Enhancing sensitivity of lateral flow assay with application to SARS-CoV-2

Abstract

Lateral flow assay (LFA) has long been used as a biomarker detection technique. It has advantages such as low cost, rapid readout, portability, and ease of use. However, its qualitative readout process and lack of sensitivity are limiting factors. We report a photon-counting approach to accurately quantify LFAs while enhancing sensitivity. In particular, we demonstrate that the density of SARS-CoV-2 antibodies can be quantified and measured with an enhanced sensitivity using this simple laser optical analysis.

The use of the lateral flow assay (LFA) technique is widespread as an inexpensive point of care (POC) tool. Applications range from the well-known pregnancy test strip to a POC diagnostic assay for SARS-CoV-2 antibodies that can be performed in a few minutes. One widely used POC configuration for a SARS-CoV-2 exposure test is the gold nanoparticle (AuNP) ELISA-like configuration shown in Fig. 1(a).^1,2

FIG. 1.

(a) Schematic illustration of a LFA showing the wicking membrane with AuNPs coated with SARS-CoV-2 spike protein. (b) Light scattering and absorption processes inside test strips with AuNPs (not to scale). The nitrocellulose membrane scatters light, and AuNPs absorb and scatter light.

These kits operate on a pinprick drop of blood and deliver a more or less binary answer to the question of infection. However, in order to detect the small amount of antibodies that accompanies an early stage infection and to make a meaningful statement about post-disease trace antibody density, a quantitative measurement with high sensitivity is required for COVID-19 surveillance and treatment^3–5 as well as in general diagnostics.^5–7 For example, the commercial COVID-19 test kits that we have had the best results with give a clearly visible reading in a 10 ng/ml sensitivity range as shown in Fig. 3, corresponding to about 10¹¹ IgG/ml antibodies.

FIG. 3.

(a) Measurements on test strips with IgG concentrations from 1000 to 0.1 ng/ml, bottom to top. Three scans are taken for each sample within 5 min. Dips at ∼ −5 mm correspond to the IgG test lines, and at ∼0 mm, they are control lines. (b) and (c) correspond to densities of 0.1 ng/ml and 1 ng/ml. The solid lines are Gaussian fittings.
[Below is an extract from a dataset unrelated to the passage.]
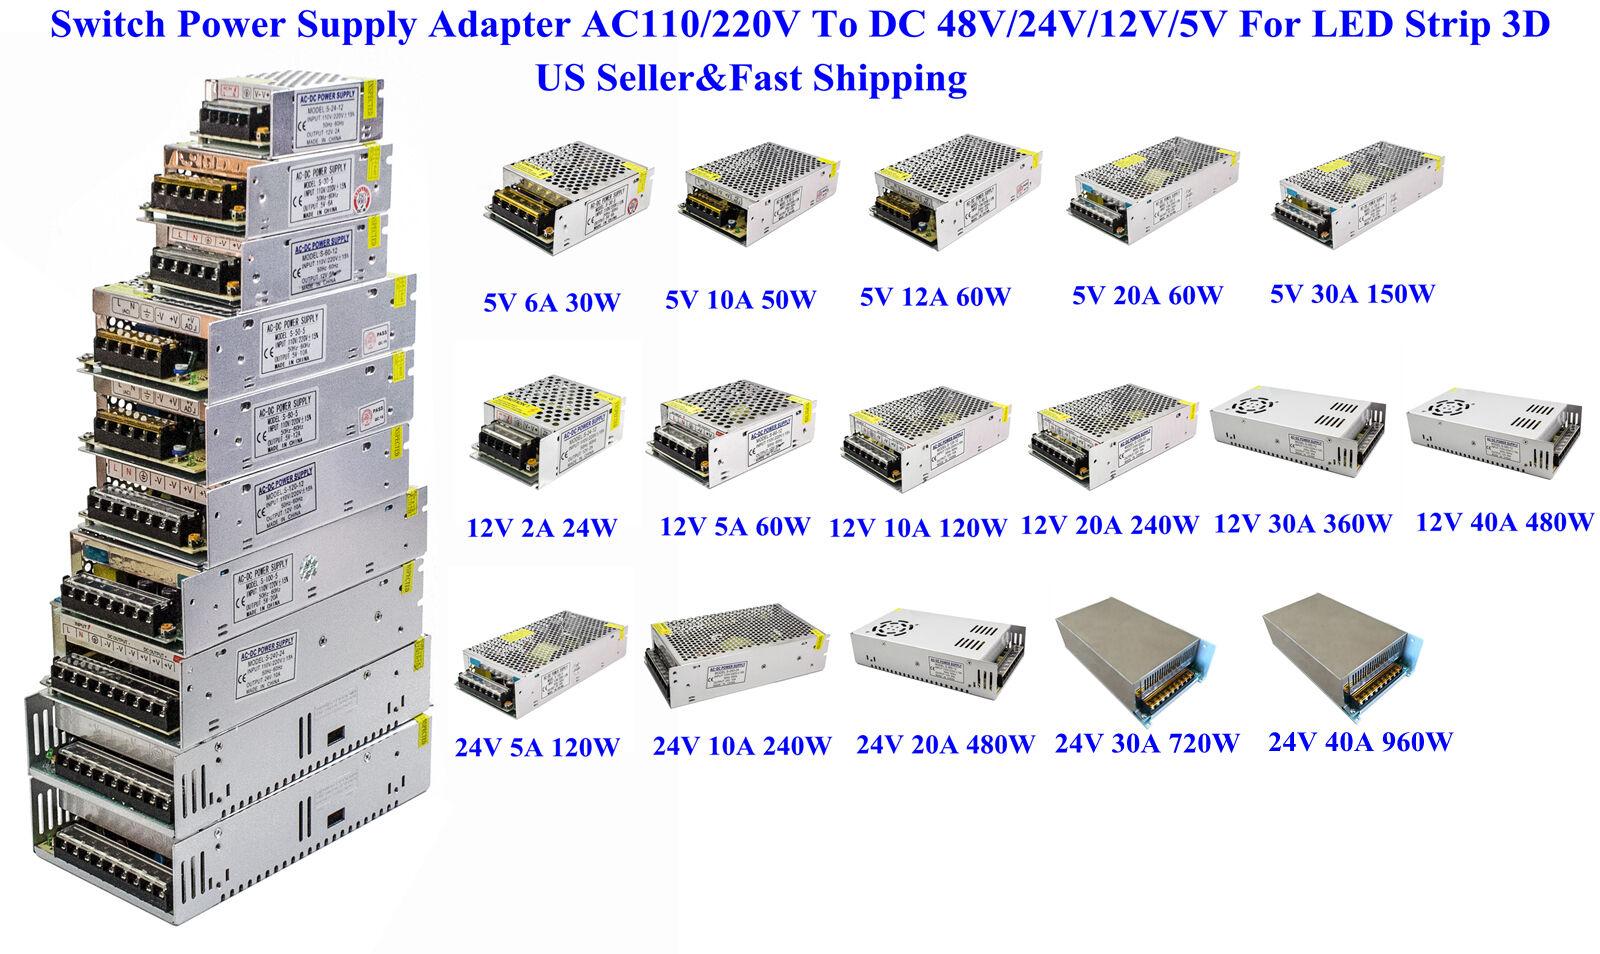 US AC110/220V To DC 48V/24V/12V/5V Switch Power Supply Adapt

We would like to have a sensitivity of 0.1 ng/ml (i.e., we would like to have a test at the level of around 10⁹ IgG/ml). The questions are as follows: (1) What is the limiting feature associated with the present system? (2) What can we do to improve readout using nothing more than the present commercially existing kits? and (3) What is the limit of sensitivity? As we show in the following (see Figs. 2 and 3), a simple laser readout scheme can produce sensitivities better than 10⁹ IgG/ml, limited by nonspecific binding as discussed in the conclusion.

FIG. 2.

Schematic of the experiment. The 532 nm laser is split into two parts for the AuNP detection and laser power monitor. The laser vertically hits the test strip and is then collected by a photon detector through a two-lens image system.

The main goal of the present paper is to improve the sensitivity of existing AuNP LFA test kits by improving the readout of the device without modifying any of its features. The physics of the problem will be treated in the necessary detail to accomplish this.

The fundamental problem with the process is that the nitrocellulose (NC) embeds the AuNPs in a matrix that primarily scatters the light and, thus, the reflected light is now a combination of light that has been scattered both by the NC and the AuNPs, as shown in Fig. 1(b). The problem faced by us presently is how to model both the scattering and absorption processes in the system of Fig. 1. The present paper uses the laser readout system of Fig. 2 to improve the sensitivity of the LFA test as shown in Fig. 3.

To this end, we use a 1D radiative transfer model having a simple analytical solution to be described later.⁸ The model includes spherical air voids in the NC in sufficient amount to give it a white appearance under white light illumination. To model the light scattering properties of these spherical bubbles in the NC, we will use the Lorenz–Mie theory,⁹ which is an exact solution to Maxwell's equations for a spherical scatterer and absorber embedded in a nonabsorbing medium. In order to get a simple physical picture of the LFA, we first recall the result for the reflectance of $\mathcal{N}$ plates stacked together. George Stokes showed that the reflectance from such a stack of plates for normal incidence is given by¹⁰

$$R=\frac{i_1}{i_0}=\frac{2\mathcal{N}\rho }{1+(2\mathcal{N}-1)\rho },$$ (1)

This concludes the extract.